Ned rolled his eyes and shook his head at Jenks’s dull-witted rendition of things. Cecil and Rosie moved to stand on either side of their queen as she sank into a chair at the head of the long table where her paperwork awaited in Cecil’s neat piles.
But life wasn’t neat, wasn’t fair, Elizabeth thought. Hannah had been young, ambitious, and comely, just setting out on a great endeavor in England. Even before promoting her to Thomas Gresham, the queen had hoped to champion the young woman as a symbol of competition in the kingdom. Like Elizabeth Tudor, Hannah von Hoven was a woman making her own way despite the odds against her. After all, Hanna’s rival starcher had a husband, one who perhaps really ruled the roost.
“Even if we might think she slipped into the starch by accident,” Elizabeth said with a half-groan, half-sigh, “we can hardly tell ourselves she got herself out and onto a shelf as if she were her own starched goods for sale. Yes, I wager we have a murder on our hands, unless, like Meg, someone else just stumbled on her, chose to pull her out, then panicked and fled.”
She thought again of Cantwell’s prediction of a curse caused by starch and the results rippling through her kingdom. Pure coincidence, she thought, that one of the royal starchers now seemed to have been fatally punished.

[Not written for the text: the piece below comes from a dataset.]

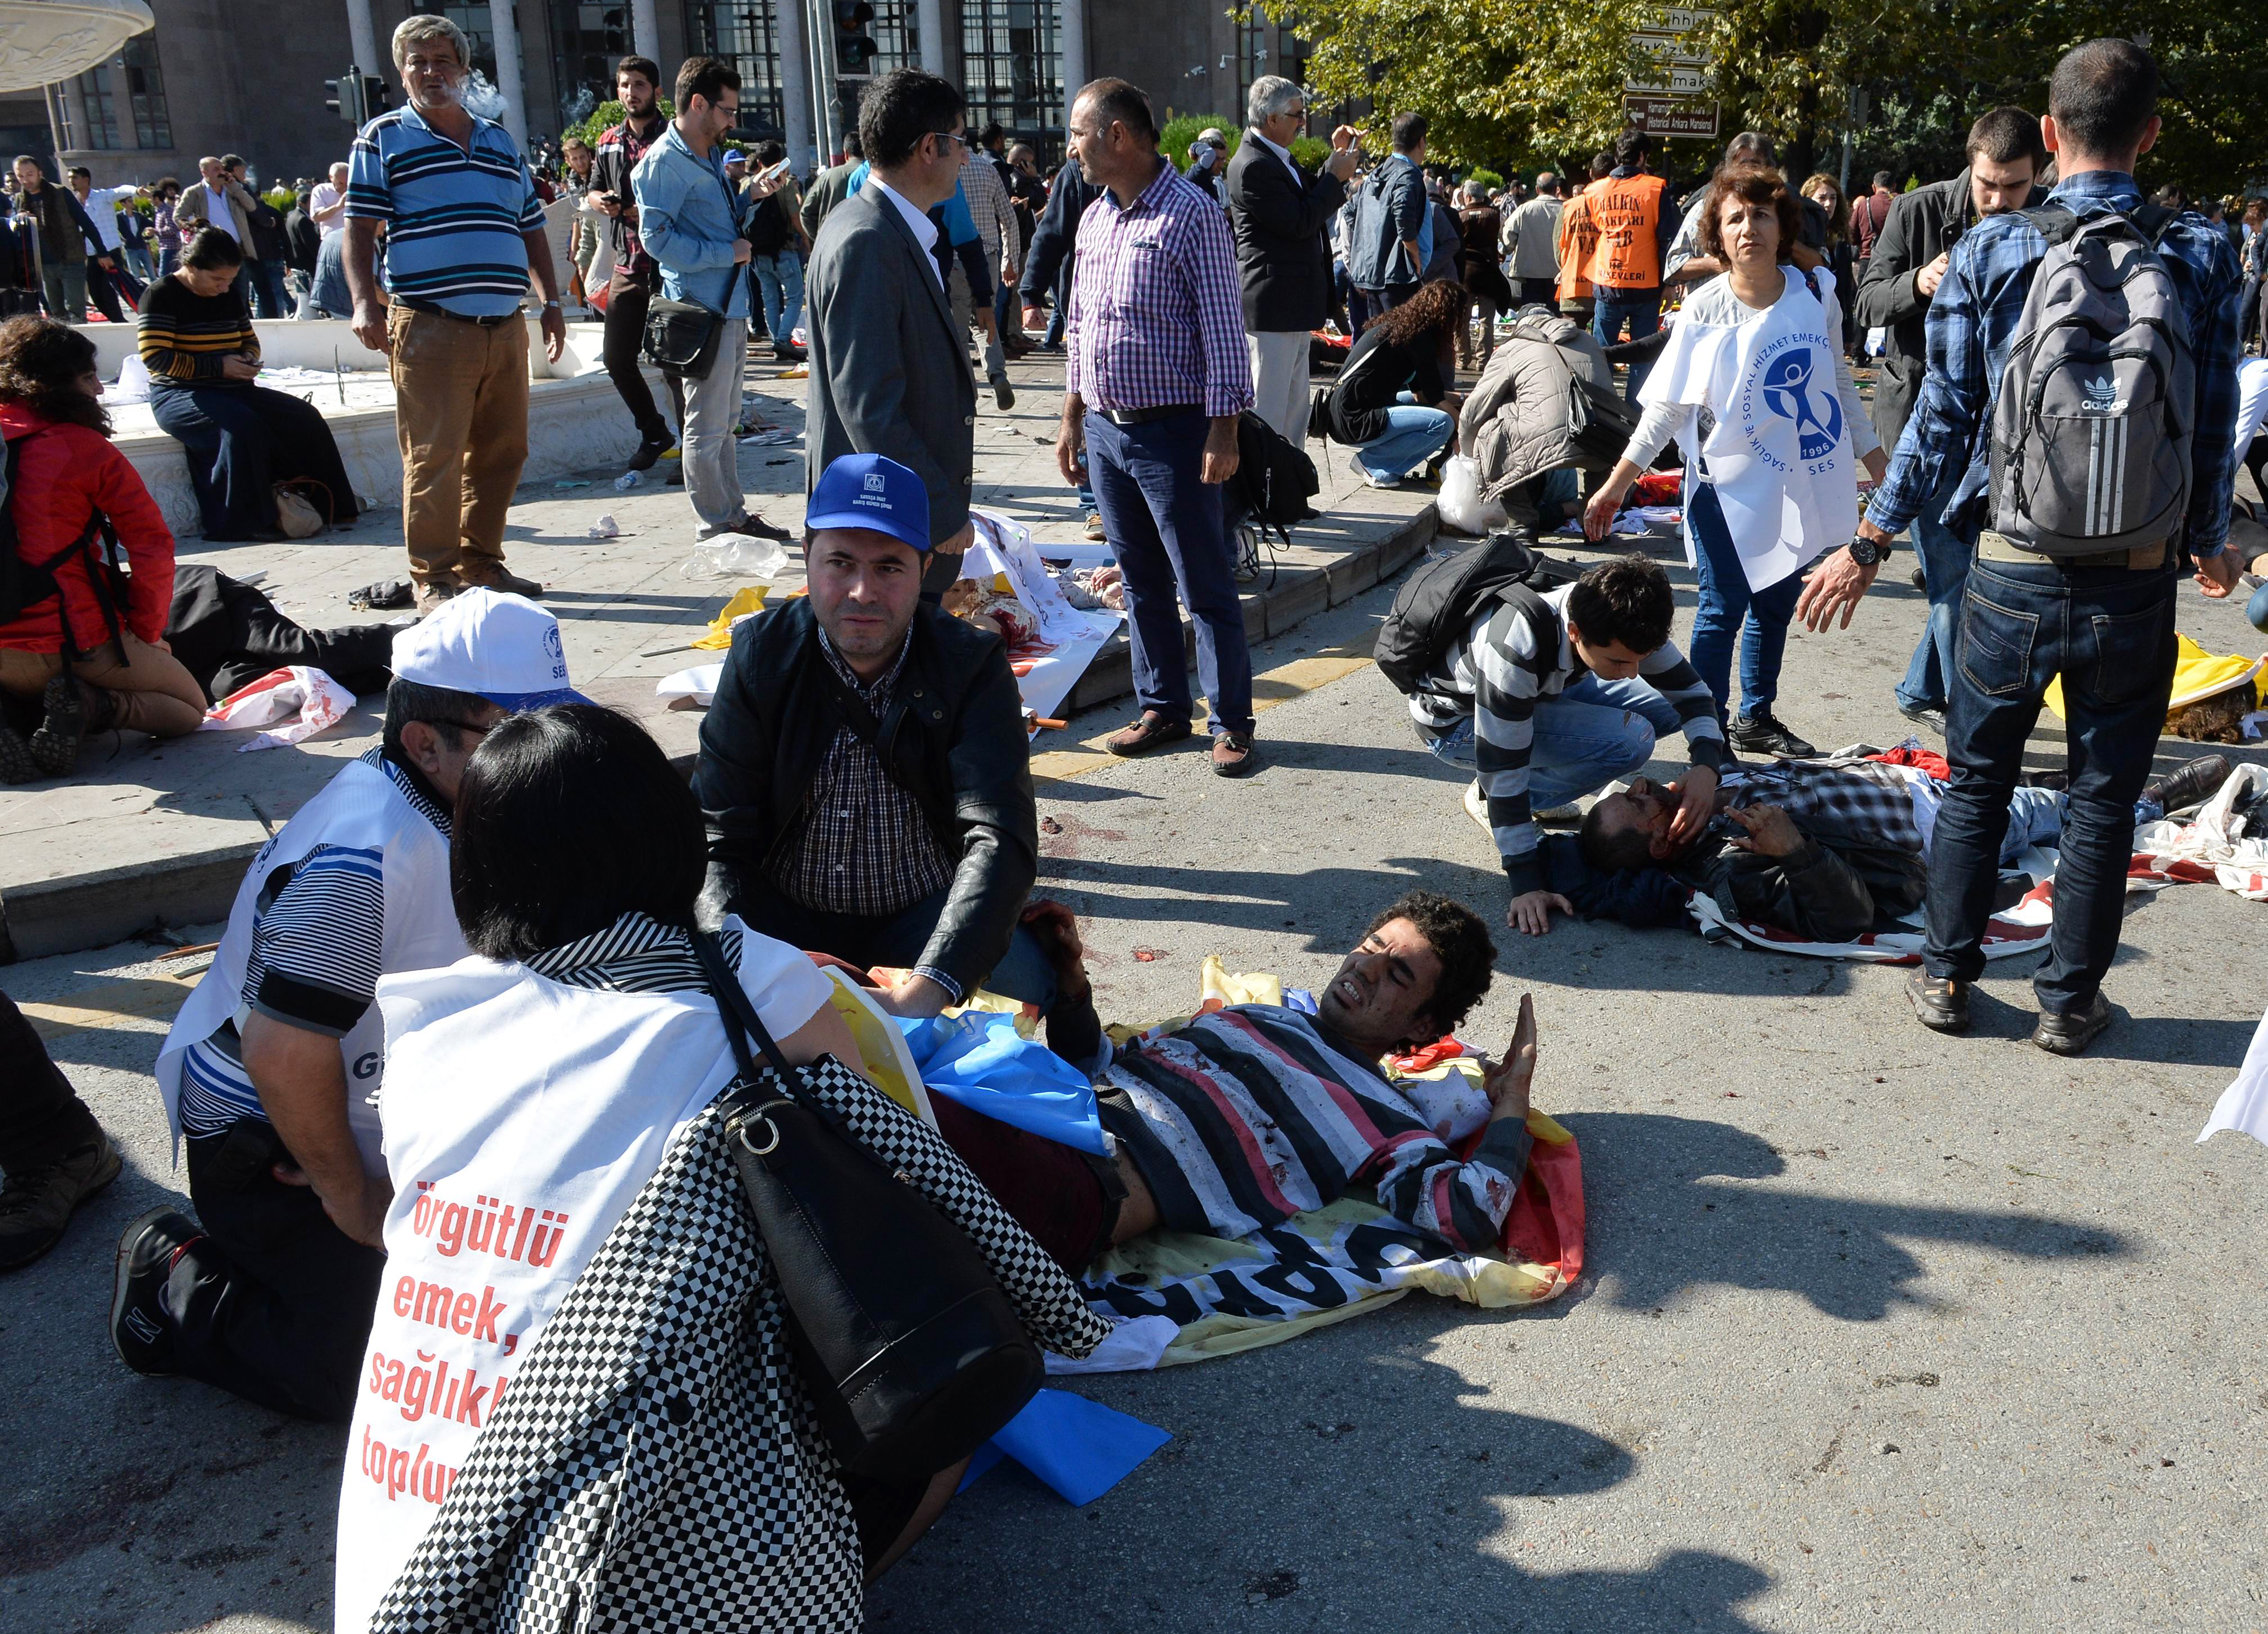 ضحايا في موقع تفجيري أنقرة

“Your Grace,” Cecil said, “are you quite all right? Shall I send for something, or do you need one of Meg’s calming potions?”
“If so, I should share it with her for being the one who found Hannah drowned—or however she died. Were there marks on her throat or any other discernible bruises?” she asked the three of them.

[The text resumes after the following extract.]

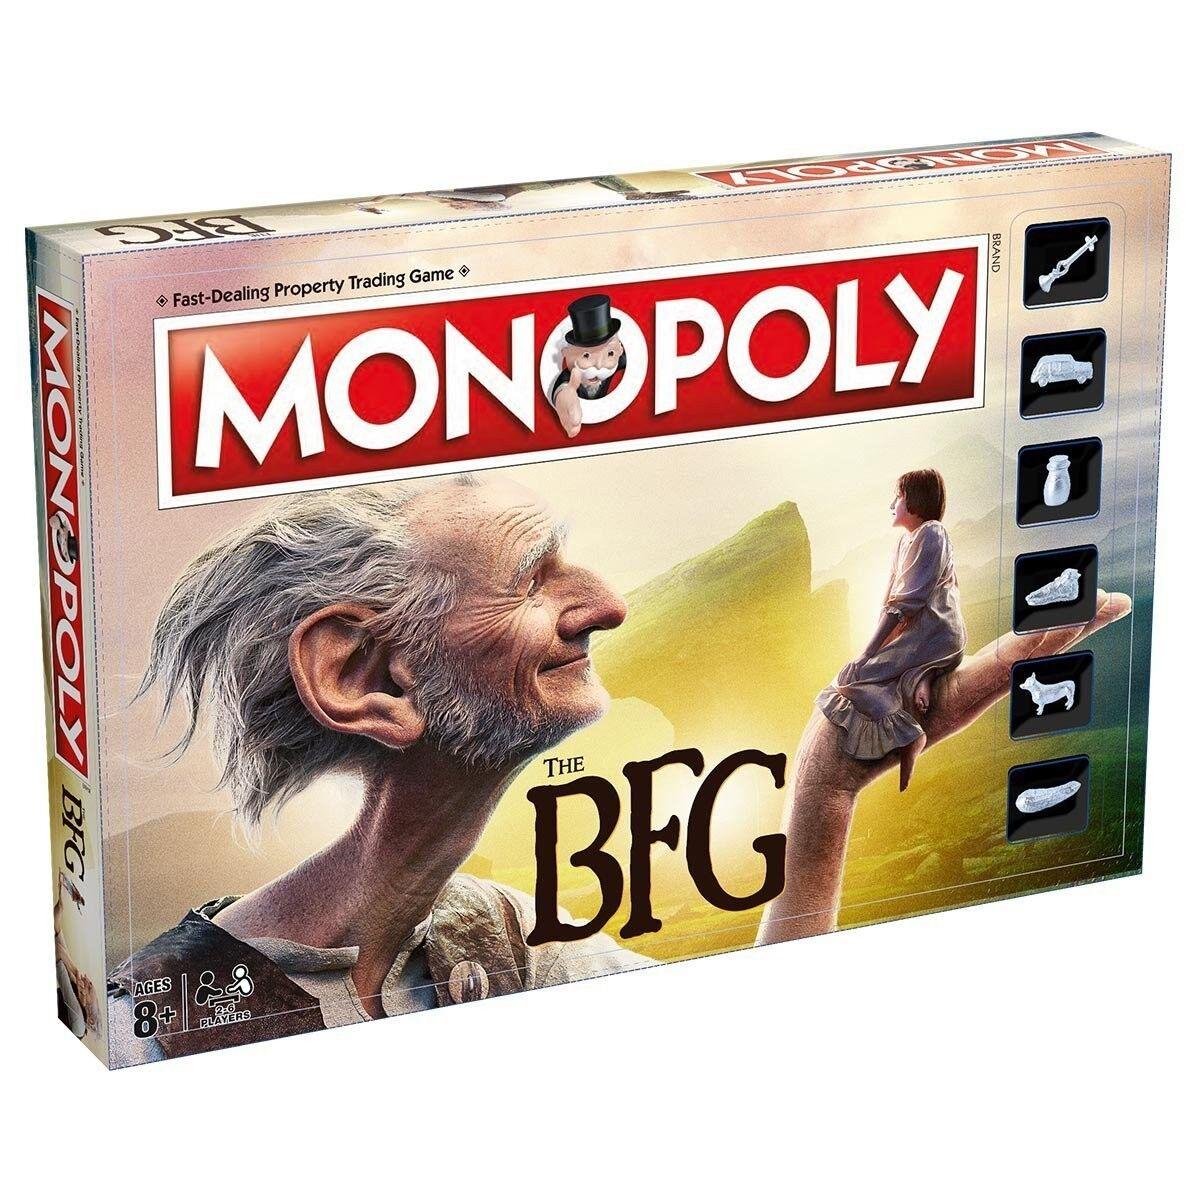 Monopoly The BFG (Big Friendly Giant) Brettspiel - englische Version NEU

“I—she’s so slippery and sticky with starch,” Meg said, “we didn’t wash her off to look closely, but ran back here to tell you.”
“Your Grace,” Cecil put in quickly, “do you mean to pursue this and not just turn it over to the constable and coroner?”

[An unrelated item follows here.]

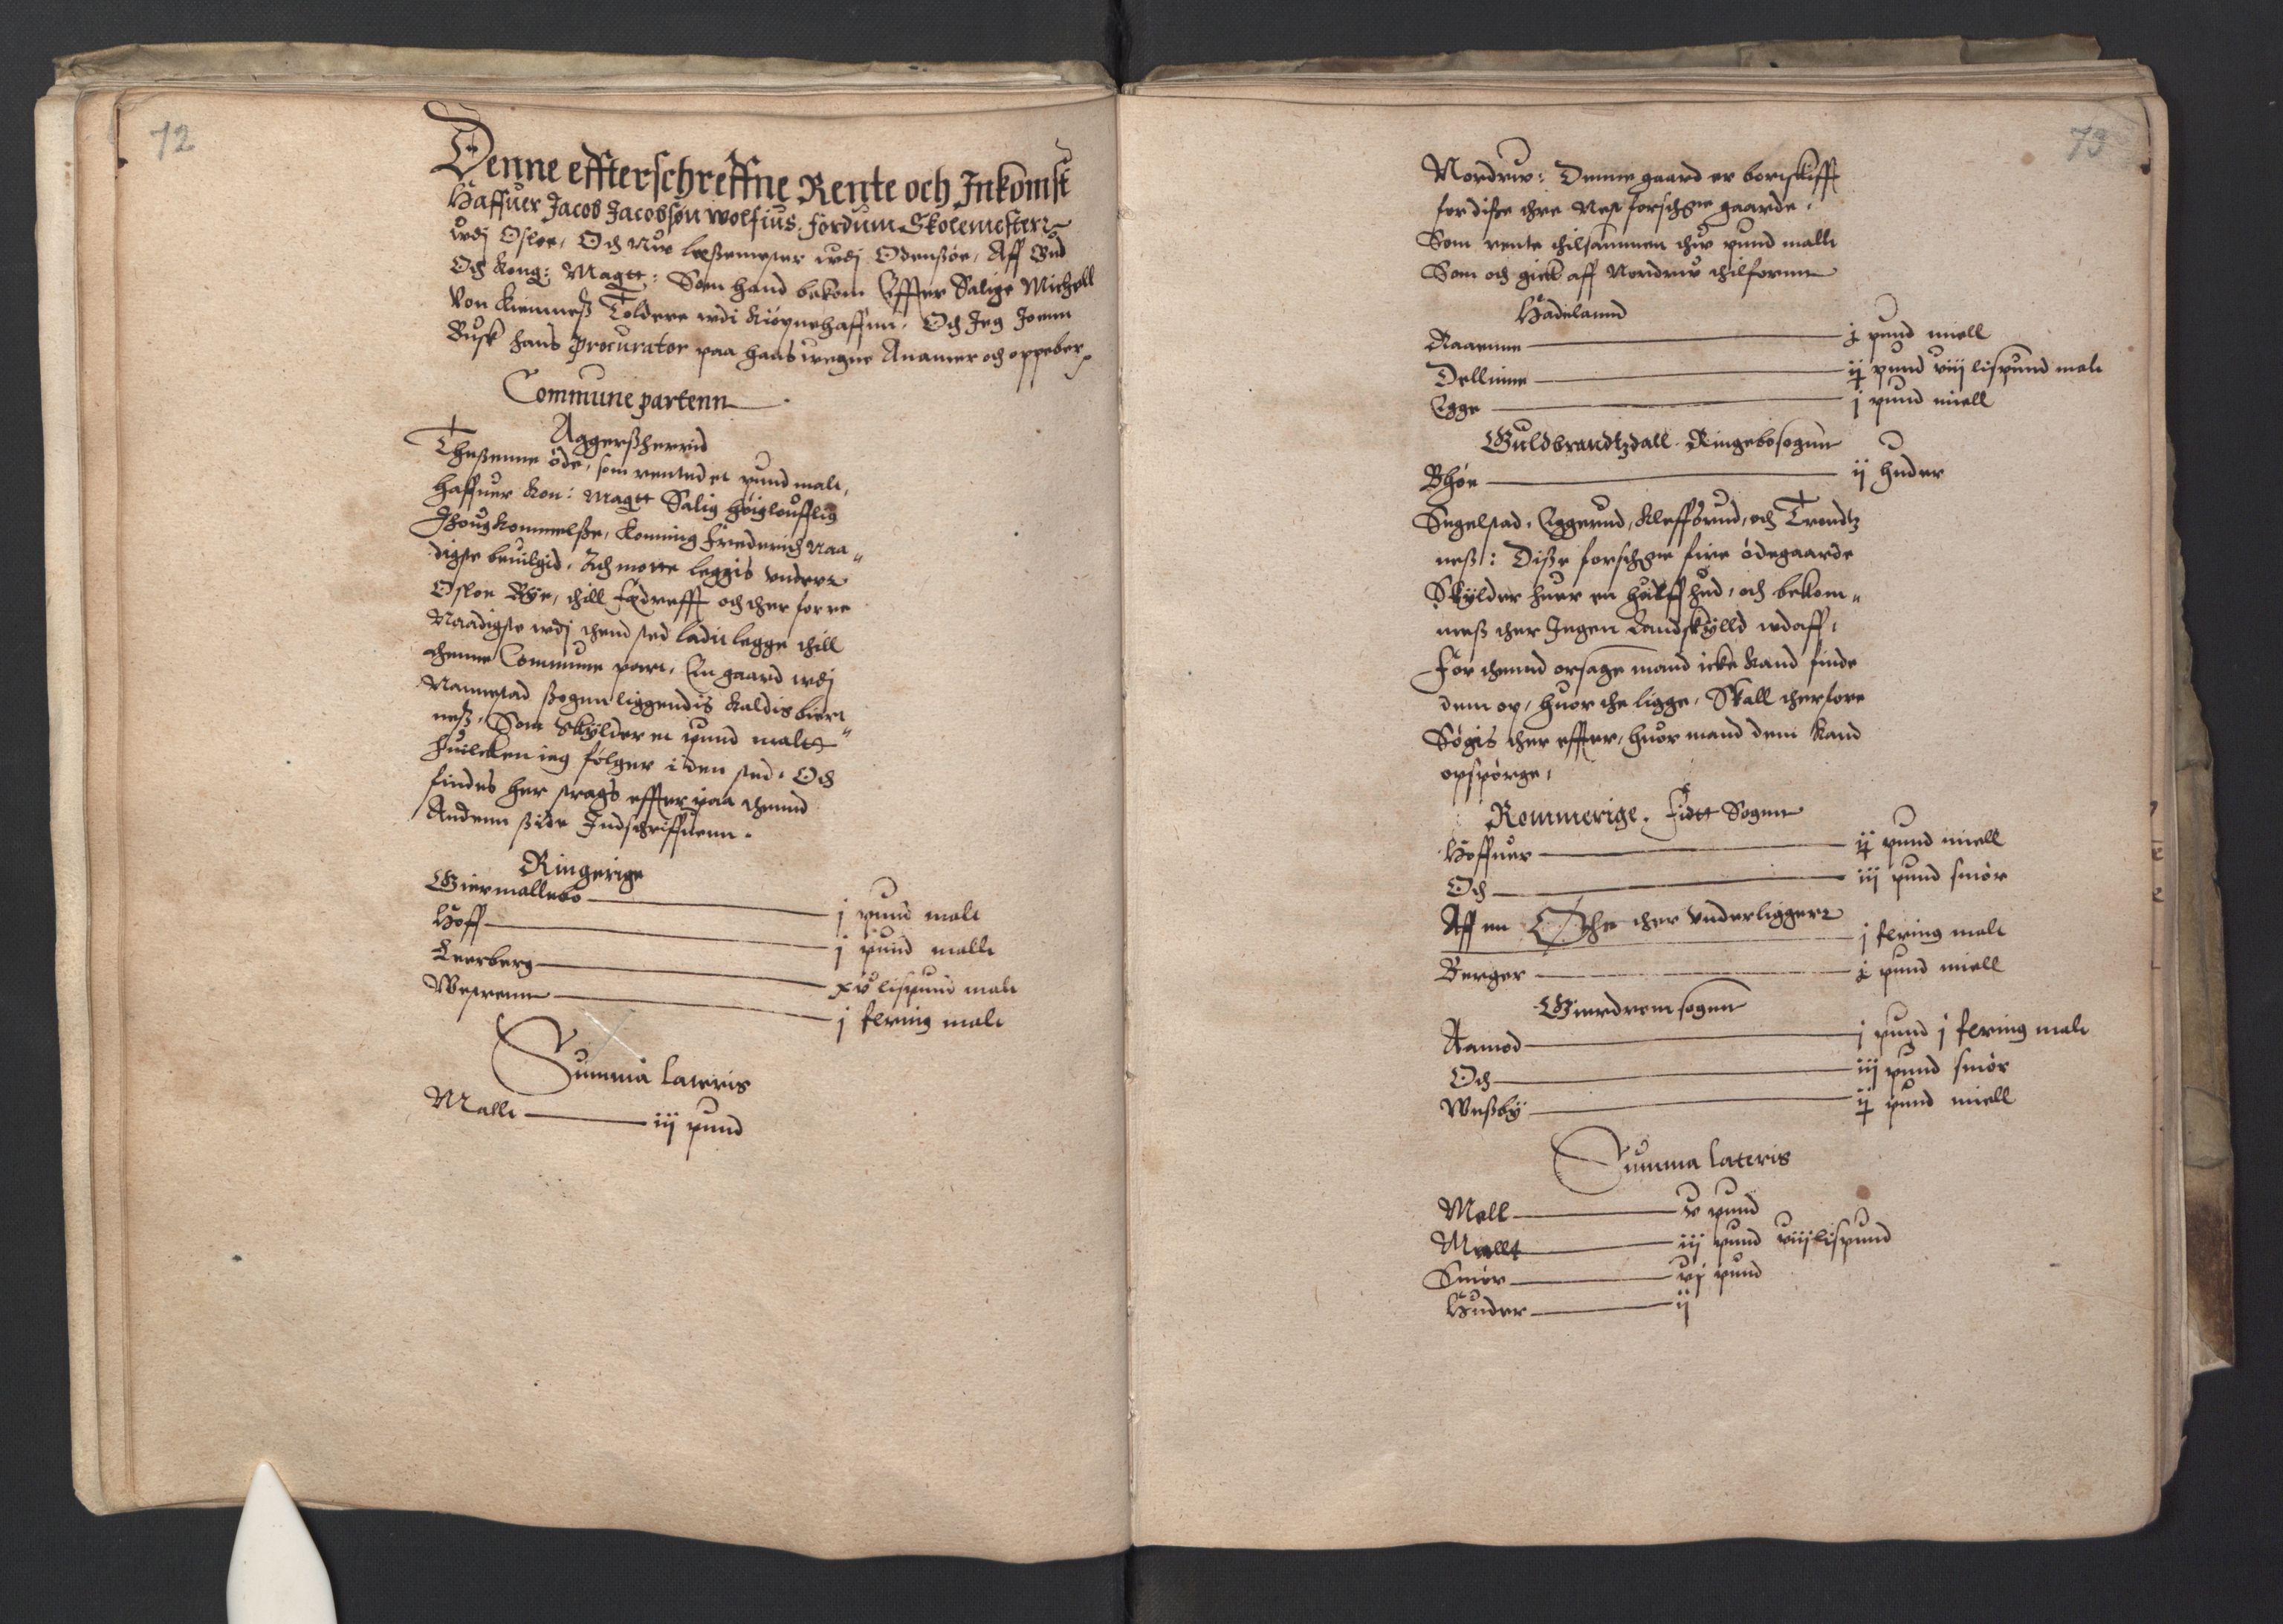 RA, Stattholderembetet 1572-1771, Ek/L0001: Jordebøker før 1624 og til utligning av garnisonsskatt 1624-1626:, 1595, s. 72-73

“The men of my city’s criminal law enforcement will be informed in the morning, after we’ve had a good look around the place and at the body.”
“We?” Cecil repeated. “But, Your Grace, surely you don’t intend to go there yourself to—”
“The weather is cool,” she interrupted him, “and the body will keep a few more hours. Bates is still there, standing guard, is he not?”
“Aye,” Jenks said, “and standing a ways off, like you said.”
“Then we will go together at nightfall the back way and tarry but briefly. I can think of one or two who might fall under suspicion for this terrible deed, and I mean to look into it.”
“Surely not Meg, Your Grace!” Jenks blurted. “And why then? Just because she and Hannah been arguing sore about prices for the roots?”
The queen saw Meg shoot Jenks a look that could indeed kill. Jenks’s talents had always been for dealing with horses, not the intricacies of human reason. Still, Elizabeth knew he was utterly faithful, not only to Meg but to her.
“No, of course, Meg is no more under suspicion than any of you. I mean Dirck van der Passe, my other starcher’s husband—and who knows who else,” she added, thinking again of Hosea Cantwell’s probable desire to make his curse come true.
“Are we to have a meeting of the Privy Plot Council to solve a murder, then, Your Grace?” Meg asked, wringing her hands.